The adverse events (AEs) observed with the doublet were manageable and consistent with the side effect profiles of each agent. The most common treatment-related AEs were low-grade, including diarrhea, blurred vision, fatigue, and nausea; grade 3+ AEs were infrequent.
"Effective, tolerable treatment options for patients with recurrent ovarian cancer unfortunately remain limited," explained David O’Malley, MD, Professor, Division Director of Gynecology Oncology and Co-Director of the Gyn Onc Phase 1 Program, James Cancer Center and The Ohio State University Wexner Medical Center, and FORWARD II Principal Investigator. "These promising results confirm previously reported mirvetuximab plus bevacizumab data demonstrating a deeper and more durable tumor burden reduction in women whose tumors express high levels of FRα. These results add to the body of evidence that mirvetuximab can potentially be used to treat a broader patient population. I look forward to further evaluating these data as they mature."

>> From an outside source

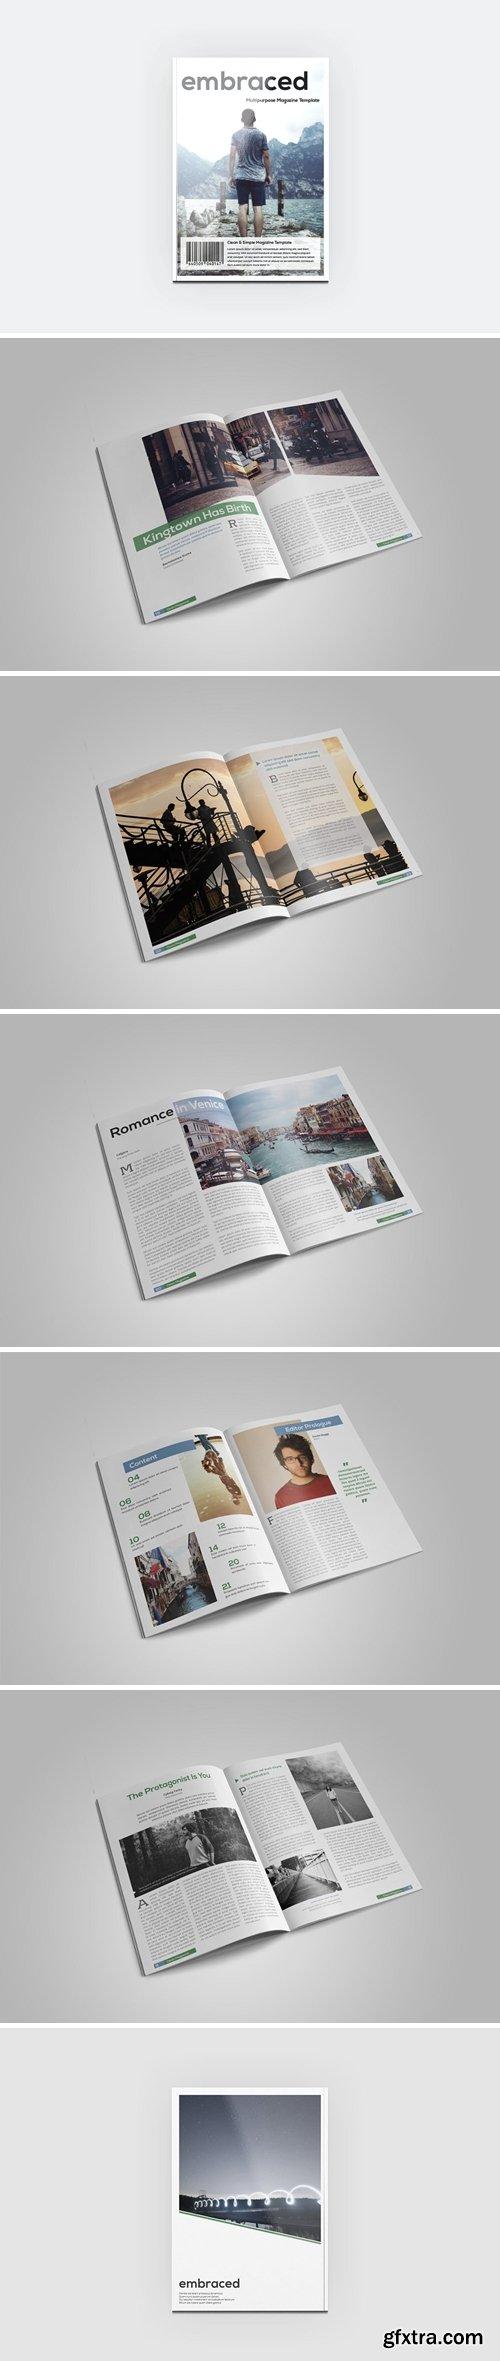 HQ - Embraced Magazine V10
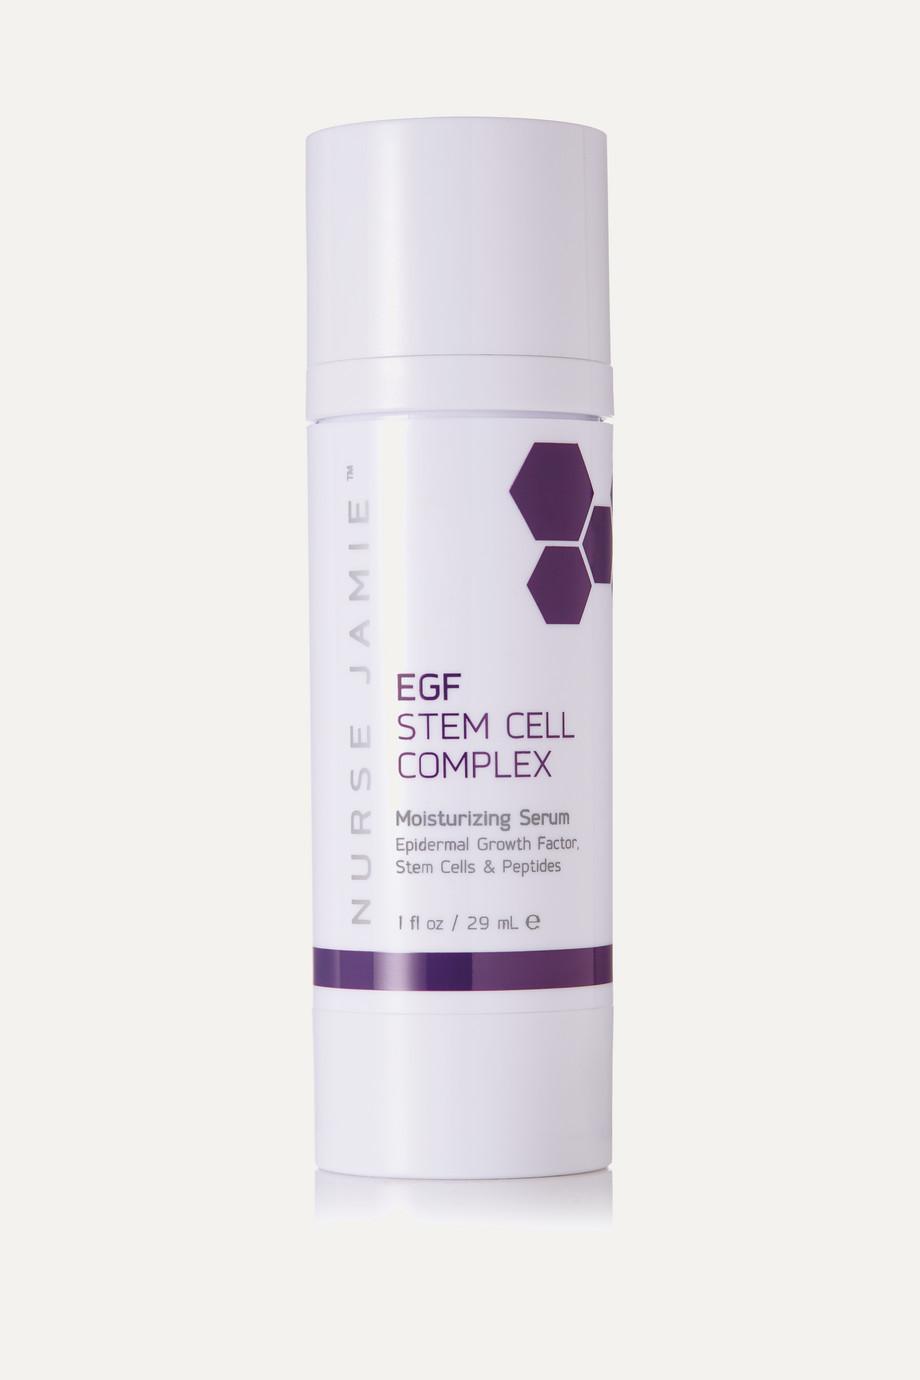 EGF Stem Cell Complex, 29ml, by Nurse Jamie

Additional information can be found at www.asco.org.

ABOUT FORWARD II
FORWARD II is a Phase 1b/2 study of mirvetuximab in combination with Avastin (bevacizumab), carboplatin, or Keytruda (pembrolizumab) in patients with FRα-positive recurrent epithelial ovarian, primary peritoneal, or fallopian tube cancers, as well as a triplet combination of mirvetuximab plus carboplatin and bevacizumab in patients with FRα-positive platinum-sensitive ovarian cancer.

ABOUT MIRVETUXIMAB SORAVTANSINE
Mirvetuximab soravtansine (IMGN853) is an antibody-drug conjugate (ADC) comprising a folate receptor alpha (FRα)-binding antibody, cleavable linker, and the maytansinoid DM4, a potent tubulin-targeting agent to kill the targeted cancer cells.